There is one thing that bothers me. What if the remaining space isn't a rectangle?

P11476
you can just break in into several rectangles, that's what i do when i create the red rectangles
since you start from a rectangle and add more rectangles, the space can always be composed of several rectangles bc all angles in it are 90 degrees

>all angles in it are 90 degrees
or 270, or 180...
but you got it what i meant

P11475
Problems:
1. I don't know if subdivisions of infinitely many rectangles is supposed to be within the scope of the problem. But then again we can examine that case for fun anyway.
2. I don't think your infinite nesting scheme is compatible with giving at least one integer dimension to all rectangles. As your rectangles get smaller, eventually they will be smaller than a 1x1 so neither side can be an integer.
3. What about the point in the center? It isn't contained in any rectangle, and isn't on the border of any rectangle. So I don't know if you can even say you've partitioned the rectangle.

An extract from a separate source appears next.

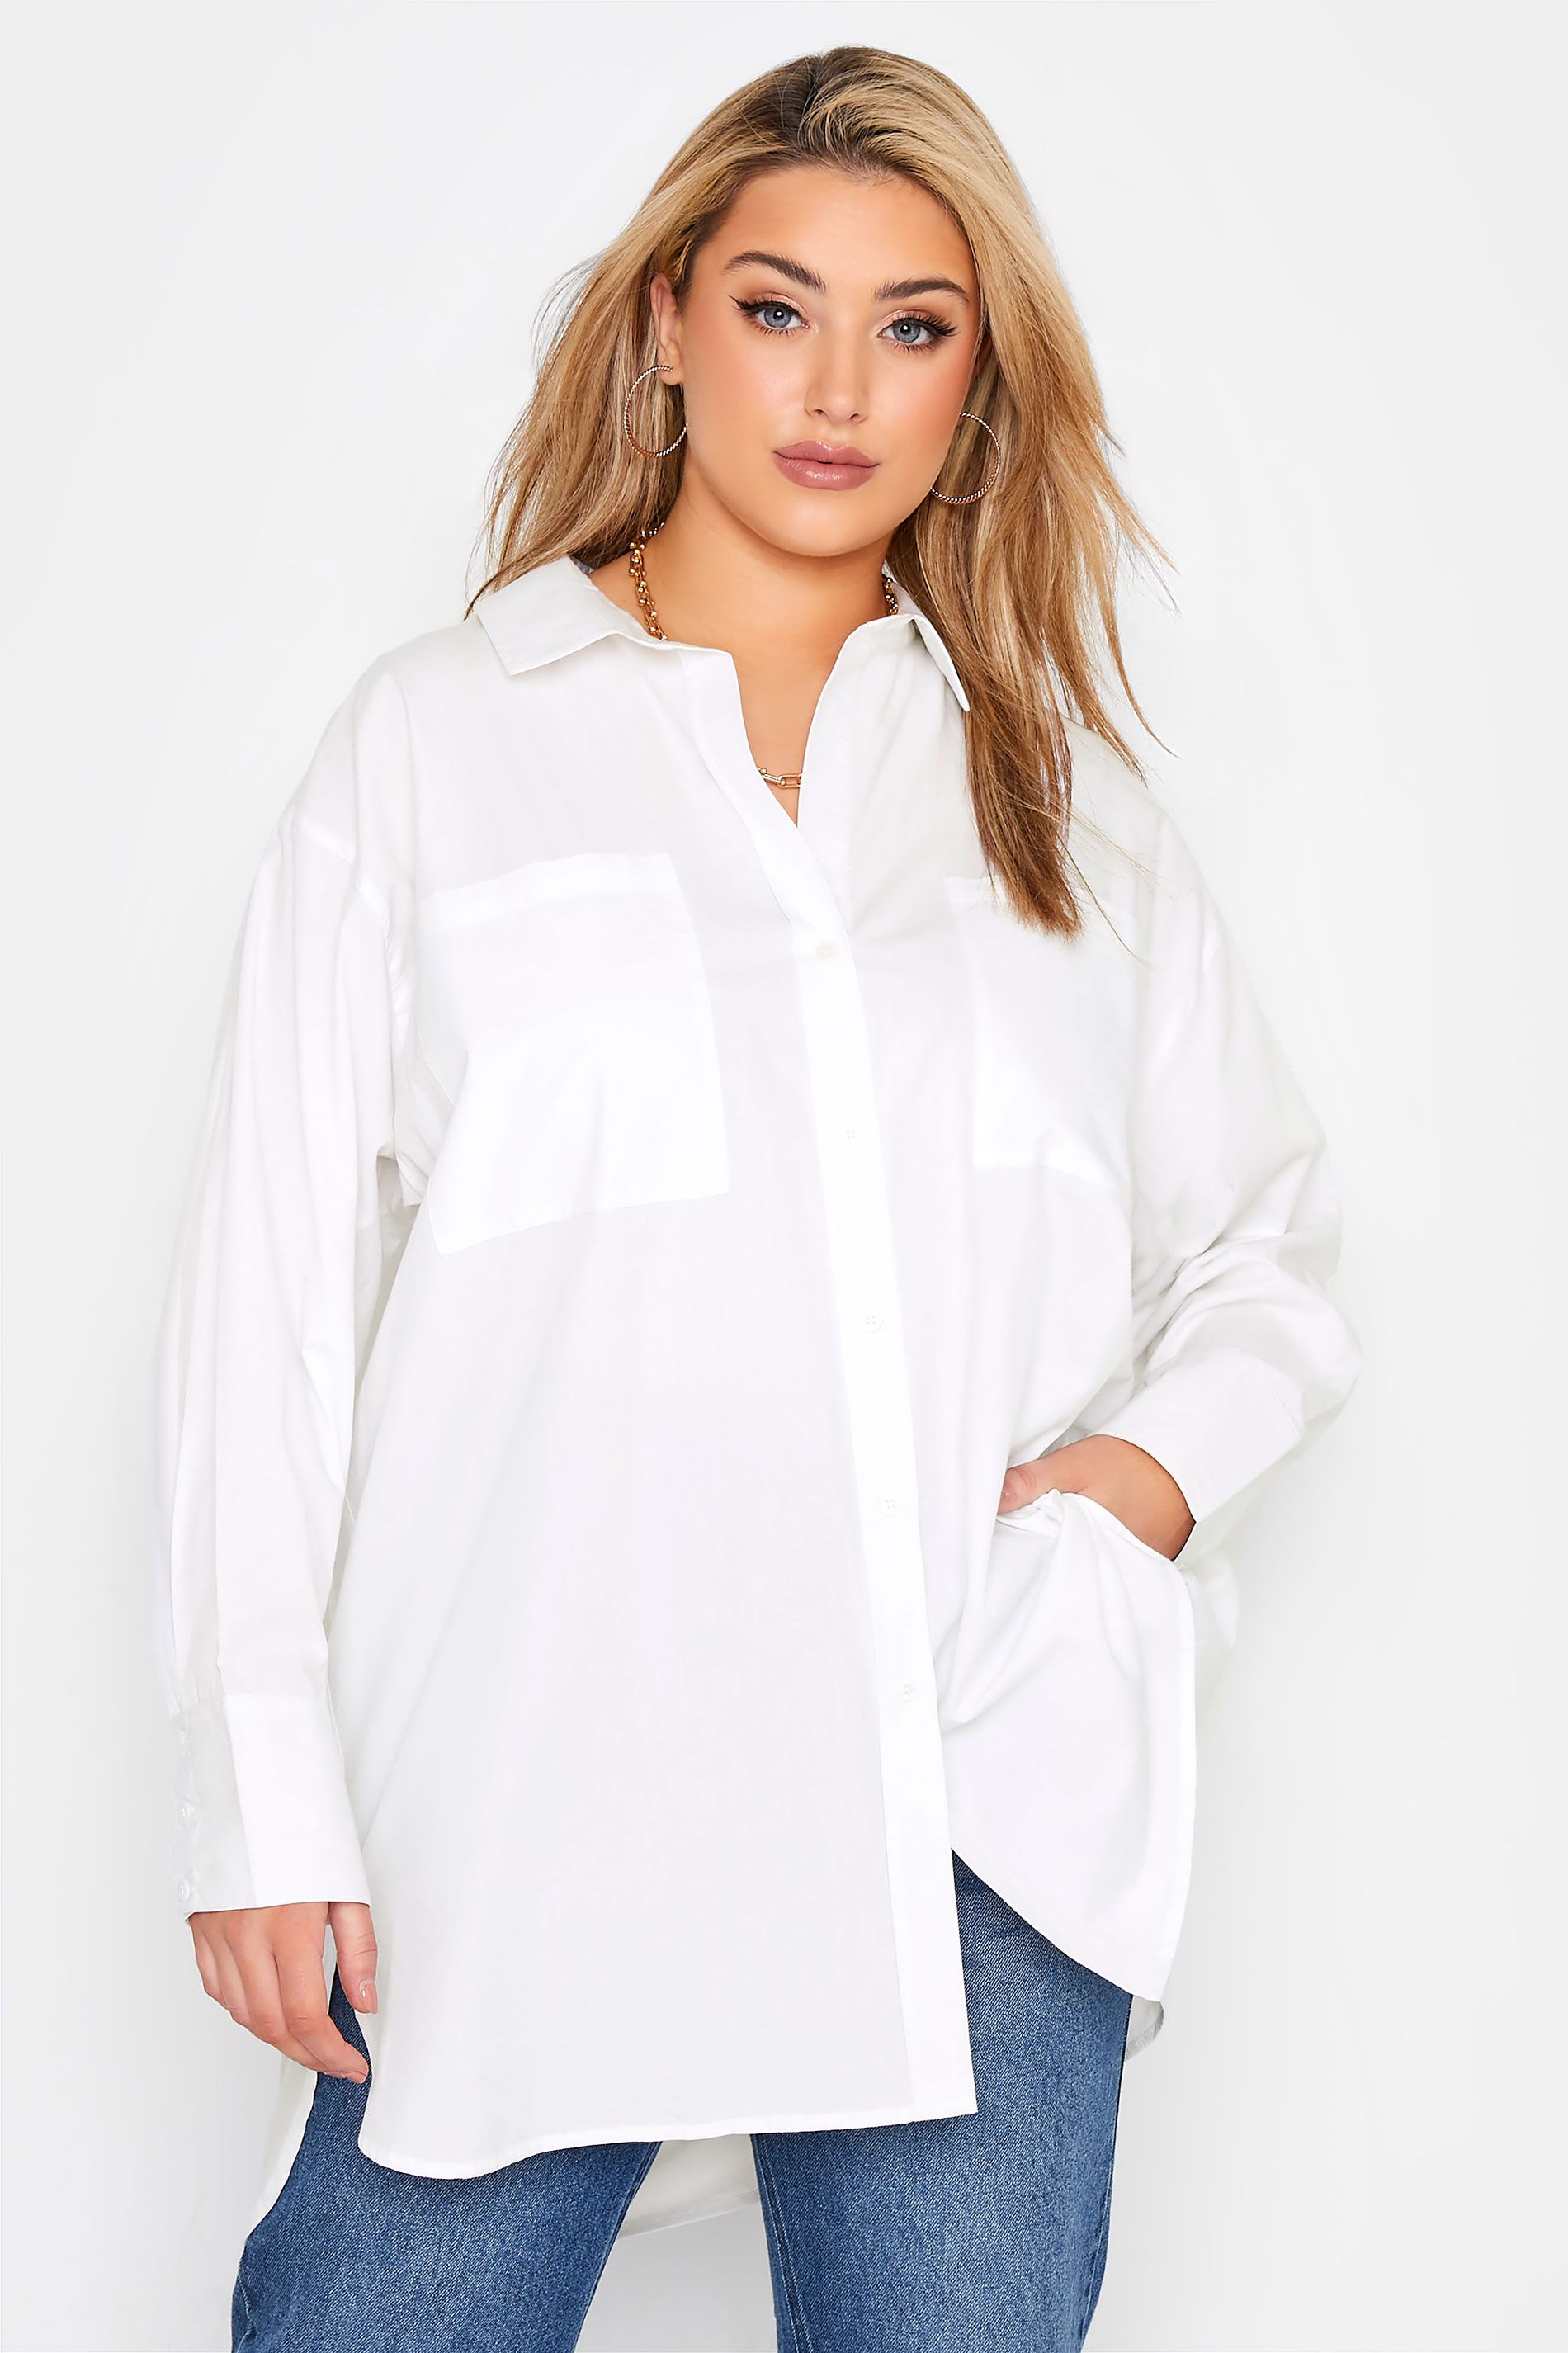 LIMITED COLLECTION Plus Size White Oversized Boyfriend Shirt | Yours Clothing UK

btw in op's image, several rectangles can be merged
but even though it doesnt really look like one of my cases, idk if it really matters bc both P10629 and P11282 have been shown to violate DEF1 in P10652 and P11344

P11480
>1.
your 2. trivially shows the solution to that
you cant create infinite rectangles bc at some point they will get smaller than 1x1
and since infinite nesting is a big no-no, you cant have a partition scheme that leaves a non-interger rect remaining
>3.
im not using "partition" in the strict sense of the word, i just add a rectangle anywhere and then cut the big one along the small one's edges
and from the new rectangles that get formed, i try to see which ones i can give integer sides, and always find that one is left with both sides necessarily being non-integer, no matter how i cut and sort

P11478
Of course, but you may use many rectangles to create that rectangle space

P11483
>you cant create infinite rectangles bc at some point they will get smaller than 1x1
In the general case of infinitely many rectangles, only one dimension would be guaranteed to get smaller than 1, the other could still be an integer.

P11487
i just noticed that your example is equivalent to one of my cases and can be converted
in fact, in P11466 case #0 can be converted into case #3 by merging the rectangles
i will try the same approach, but instead of classifying by where the first rectangle touches the edges of the mother rect, i classify based on where the remaining free space touches it
P11488
i dont really see how it can get to a point where you can simply reduce a single dimension of the free space
you eventually have to stop the integer dimension at 1, but the problem is that the free space always ends up with both dimensions being non-integer
if you get to the point where you can use infinite rectangles, you dont need infinite rectangle, get what im saying? you can just merge the infinite rectangle into one that shares their integer side

P11498
>i will try the same approach, but instead of classifying by where the first rectangle touches the edges of the mother rect, i classify based on where the remaining free space touches it
just did that and yea, you always end up with the free space necessarily having both non-integer sides, starting the problem from scratch
im a bit lazy to put captions in my drawings rn so maybe later
but feel free to try on your own

>if you get to the point where you can use infinite rectangles, you dont need infinite rectangle, get what im saying? you can just merge the infinite rectangle into one that shares their integer side
That's my suspicion too, but I don't have a proof.